As it stands now, the Pentagon won't remove or reject Muslim chaplains unless they've been charged or convicted of terrorism or if the religious organization endorsing them appears on the State Department's list of foreign terror organizations. The chaplain who set up the Quantico mosque graduated from the same FBI-raided radical school, now operating as Cordoba University.
Last year, Hassan Abujihaad, a Navy signalman, was convicted of tipping off al Qaeda about battlegroup movements in the Persian Gulf, including disclosing classified documents detailing the group's vulnerability to terror attack. "Father of Jihad," the name he chose when he converted to Islam, gave this traitor away -- yet the military was too drunk on political correctness to notice when it recruited him and put him on a destroyer.

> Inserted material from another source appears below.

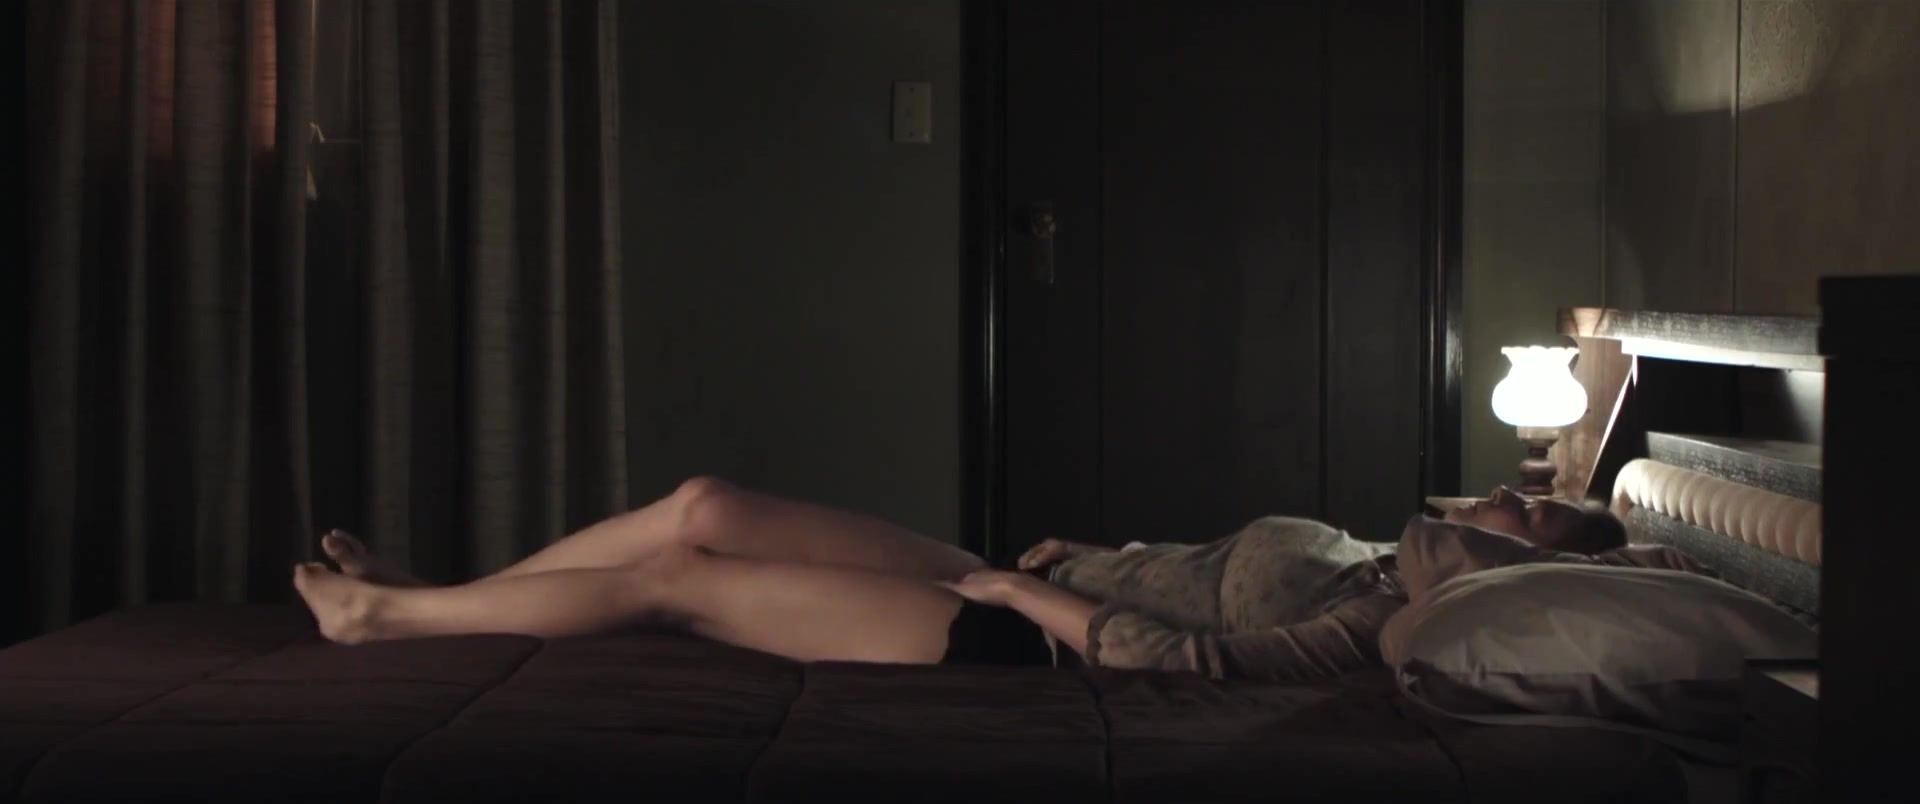 Homo Sex video Leeanna Walsman Nude - Dawn (2015) Porn

Other terrorists are knocking on the recruiting-station door. One of the convicted Fort Dix terrorists said he wanted to join the Army so he could kill US soldiers from the "inside."
Meanwhile, the Army secretary says he's trying to "understand the effects of stress" that could have led a soldier at the Army's largest post to mow down so many of his fellow soldiers.
What stress could have caused him to calmly pass out Qurans to his neighbors just hours before the shooting, and then, as he opened fire, shout, "Allahu Akbar"?
Earth to Pentagon: The Muslim shooter didn't snap. His terrorism was well-planned. He'd carefully prepared for a martyrdom operation.
If officials would take off the PC blinders, they'd see that. Until they do, more soldiers will be vulnerable to attack -- along with the rest of us.
Paul Sperry, a Hoover Institution media fellow, is co-author of the new book, "Muslim Mafia."